In the intervening weeks, several of the 39 members of Congress that signed that letter have distanced themselves from it even as Watson, who chairs the bipartisan Congressional Entertainment Caucus, defended her actions.

Watson maintains that she made a “good-faith effort” to consult with showbiz unions such as three IATSE locals and their partners the DGA and the American Federation of Television and Radio Artists. She also has received 100 letters from various union members expressing their “overwhelming support” for her strong stance.

“The letter was open to consultation and change until we mailed it on April 2,” Watson said in a statement prepared late last week.

Valenti’s approach

In trademark style, Valenti offered a softer approach than Dibie in his own four-page response letter to Watson, complete with a graph of the growth of this country’s production jobs sector since 1972.

“May I offer you a bit of history about the global filmmaking world that Hollywood has lived in for a long time?” he wrote, noting that the number of people employed in U.S. motion picture production has risen from 66,200 in 1972 to 259,200 in 2002.
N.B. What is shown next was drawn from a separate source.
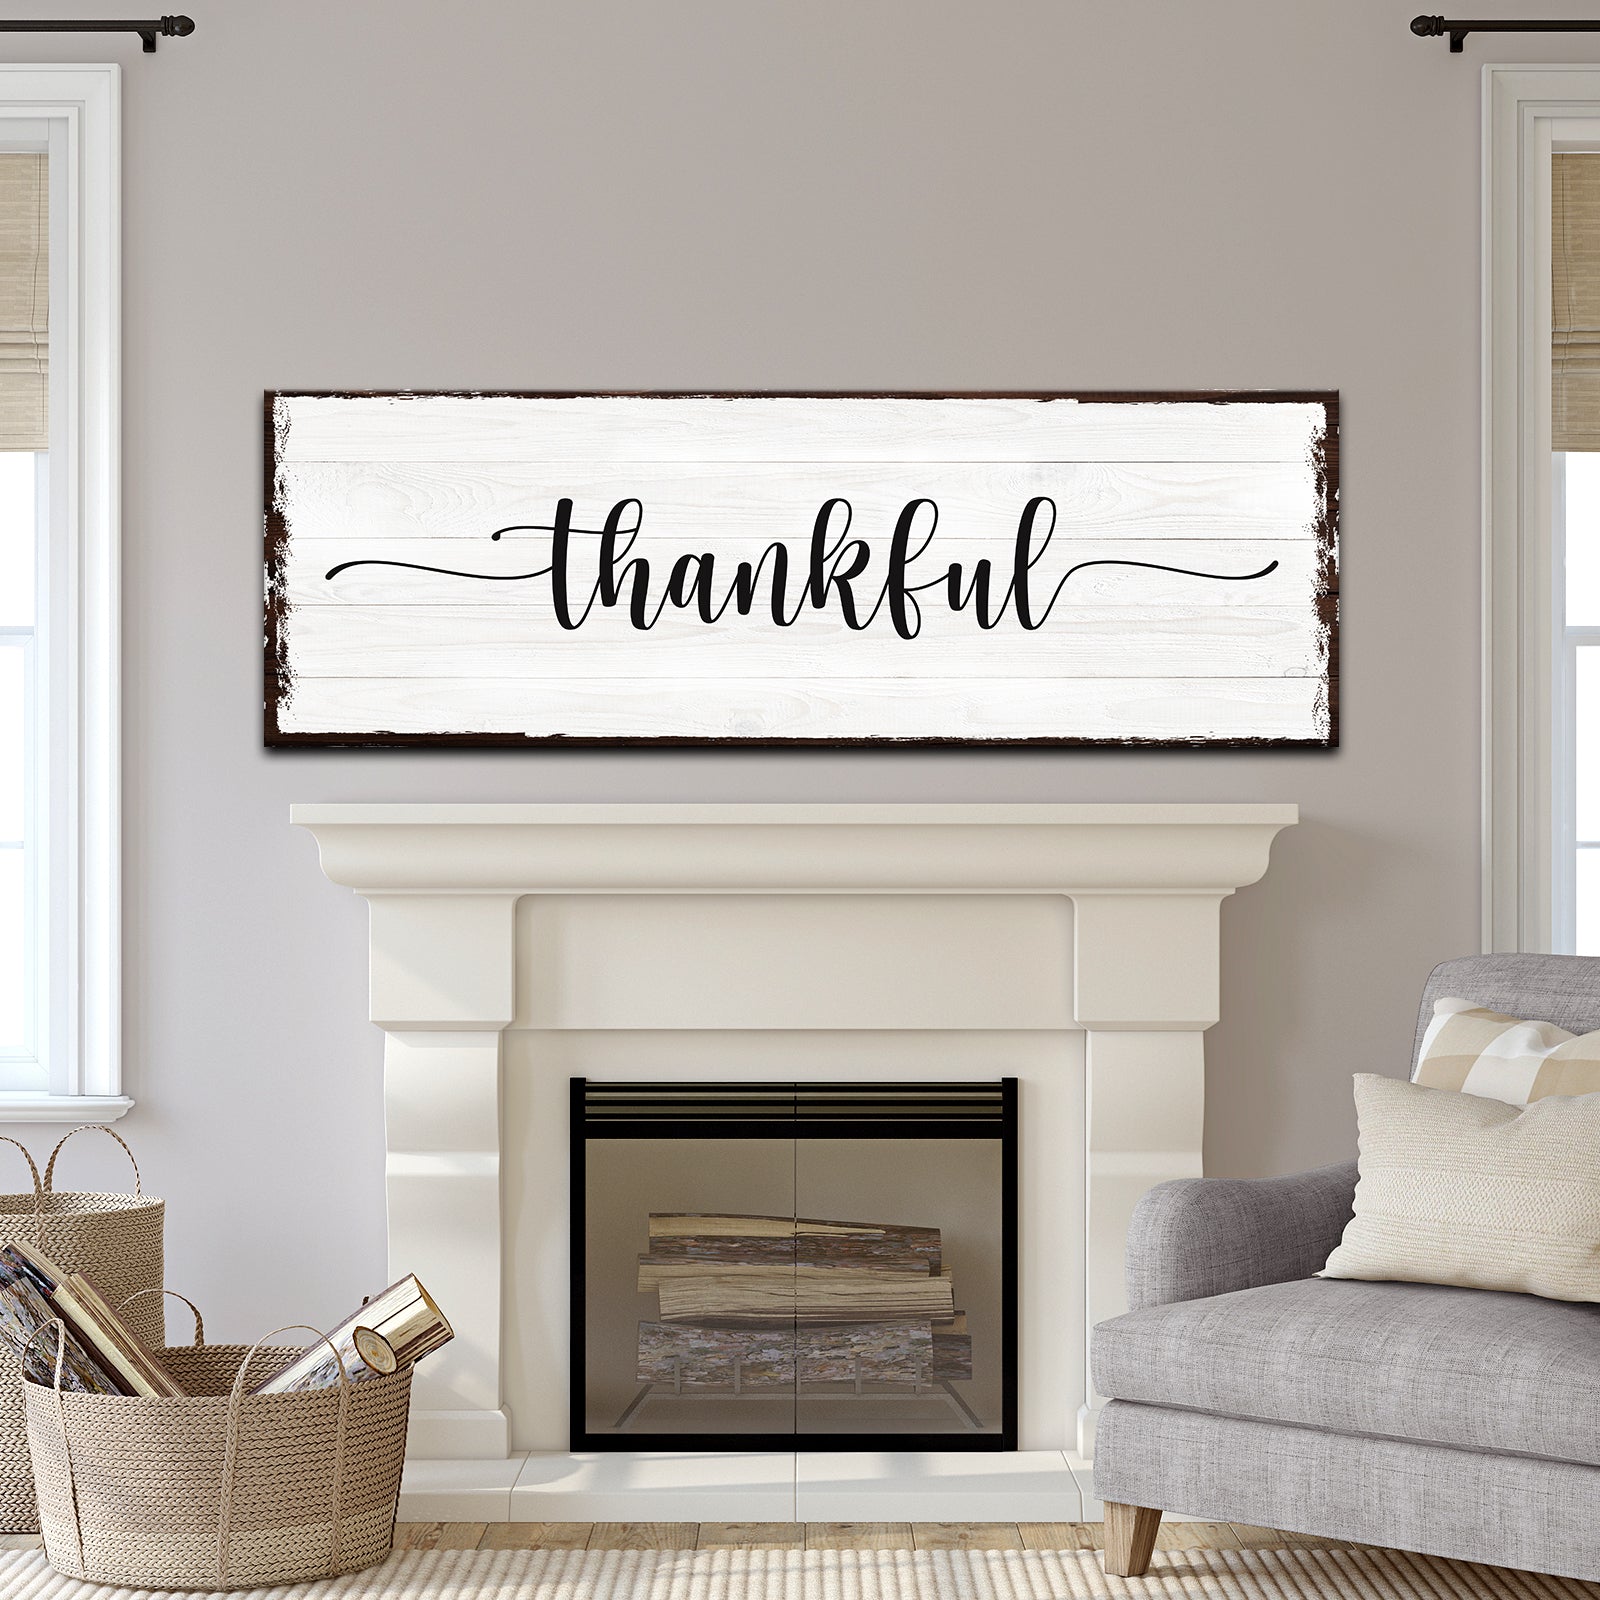 Thankful Sign - Image by Tailored Canvases

“There has been no ‘outsourcing’ of U.S. motion picture jobs,” Valenti contended. He also noted that studios choose to film in foreign locales for a variety of reasons: an effort to strike a balance between financial, creative and space availability; security; and other logistical factors. Universal decided to film “Cinderella Man” in Toronto, he said, mainly because a large part of the story takes place in Madison Square Garden circa 1935, a structure that no longer exists; the Maple Leaf Garden is a similar structure built during the same time period.

Lobbying efforts

While the MPAA is not actively involved in lobbying against studio decisions to film overseas, commonly known as runaway production, the DGA, SAG and ICG are particularly upset as the orgs have spent the last year on their latest attempt to convince Congress to give studios tax incentives to make movies in this country and are crossing their fingers that years of lobbying on the issue will pay off this time. A must-pass corporate tax bill, which contains a runaway production provision, is making its way through the Senate. A vote is likely sometime in the next two weeks.

Several union reps said they wished Watson had used her position to support that legislation and urged her to do so.

“Over the past five years, since the DGA along with SAG issued the Monitor Report, the guild has not wavered from our efforts to stem runaway film and television production,” the DGA said in a statement. “As part of a national alliance, we have made our top priority the passage of federal and state legislation that will level the playing field and make the U.S. competitive with incentives offered by other countries.”